Neural mechanisms of emotional memory
Memory enables us to use past experience to anticipate and prepare for future challenges. But memories can only be used adaptively if they are retrieved at the right time and place. For instance, memories of a traumatic experience can be useful in helping one avoid or confront situations similar to the original trauma. But retrieval of trauma memories in inappropriate situations is maladaptive. Anxiety disorders such as post-traumatic stress disorder and phobia are believed to occur, in part, because of the inability to suppress recall of aversive memories.
The major aim of our lab is to understand how the brain forms memories of our experiences, how these memories are retrieved at the right time and place, and how these memories can be suppressed. We focus on the hippocampus, a region of the brain that is specialized for rapidly generating detailed, multimodal memories of our experiences, called episodic memories. We study hippocampal function in mice because of the availability of genetic tools that give us the ability to manipulate neurons and neural circuits with unprecedented precision. Our specific interests include the following.
Adult hippocampal neurogenesis
Adult hippocampal neurogenesis is conserved across mammals from mice to humans. Changes in the rate of adult neurogenesis correlate with clinically important outcomes. For instance, stress potently suppresses hippocampal neurogenesis, while exercise, environmental enrichment, and virtually all antidepressant treatments stimulate adult hippocampal neurogenesis. We are trying to understand how adult neurogenesis influences these processes. We use genetic manipulations in mice and behavioral analysis to answer questions such as: Which aspects of hippocampus-dependent memory and behavior require adult neurogenesis? How are adult-born neurons functionally differentiated from developmentally-generated neurons? What properties of adult-born neurons confer their unique functions? Our lab has developed approaches for selectively ablating adult neurogenesis and silencing adult-born neurons in mice.

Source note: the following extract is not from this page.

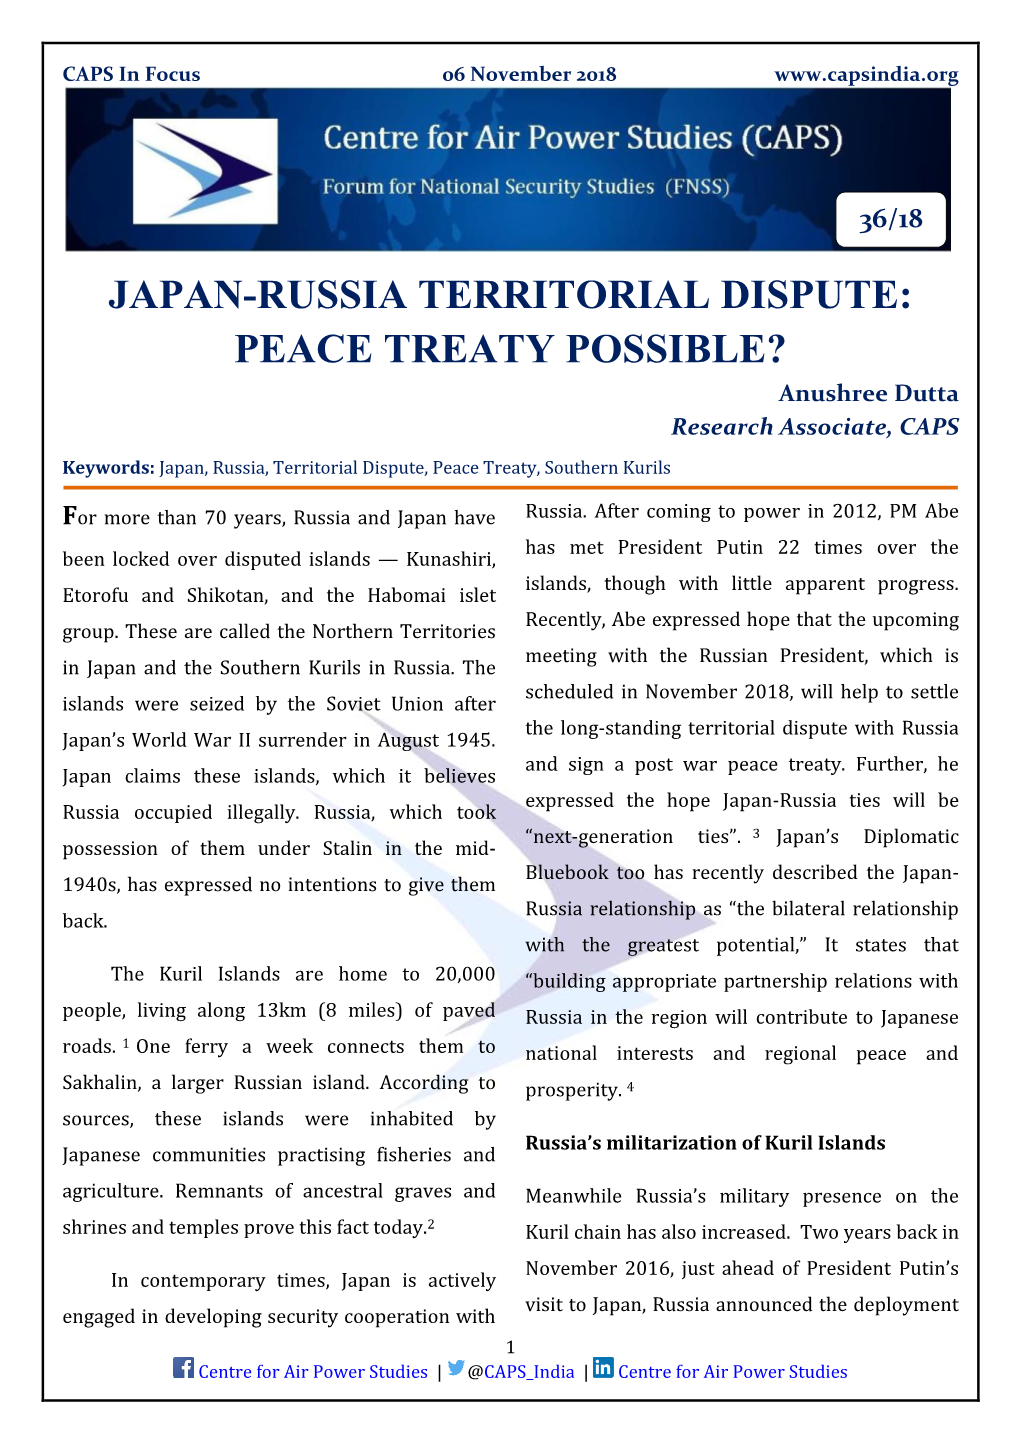 JAPAN-RUSSIA TERRITORIAL DISPUTE: PEACE TREATY POSSIBLE? Anushree Dutta Research Associate, CAPS

Using these approaches we have identified specific mechanisms through which adult-born neurons contribute to hippocampal memory and emotional regulation.
Hippocampus and emotional memory
Context memories are multimodal memories of time and place that can be used for different purposes. A context can acquire emotional valence, such as in contextual fear conditioning, where a context acquires the ability to elicit fear. Or a context can help disambiguate the meaning of other stimuli, while remaining neutral itself. For instance, if one is driving down the highway at 80 mph, the sound of a siren may induce fear or anxiety; but if one is sitting in the living room, the siren is not likely to elicit an emotional response. The context (highway versus living room) determines how the siren is interpreted. We are interested in how these different uses of context memory are mediated in the brain. Can they be localized to different subregions or longitudinal segments of the hippocampus? How do the neural representations change over time?
In the clinic, maladaptive fear is commonly treated using through extinction training, a form of exposure therapy in which repeated presentations of a fearful stimulus in the absence of threat gradually reduce fear. Unfortunately, extinction does not permanently suppress fear. With the passage of time after extinction, the original fear typically returns, a phenomenon called spontaneous recovery. Because of spontaneous recovery and other similar phenomena, scientists have long believed that extinction does not erase the original fear memory but instead creates a new memory that inhibits or competes with the original fear. A key challenge in the field of learning and memory has been to understand how fear and extinction memories are represented in the brain and the mechanisms that govern their competition.
We are currently investigating how extinction memories are represented in the hippocampus, using in vivo imaging and activity-dependent neural tagging, a technique that allows us to permanently tag (with a fluorophore or another heterologous protein) neurons that are active during a particular behavioral experience. Our goals are to understand the circuit mechanisms through which extinction memory suppresses fear and how these extinction circuits change over time (extinction tends to weaken over time). In addition to answering longstanding questions about the mechanisms of extinction memory, our goal for this work is to identify strategies to make extinction more effective in clinical situations.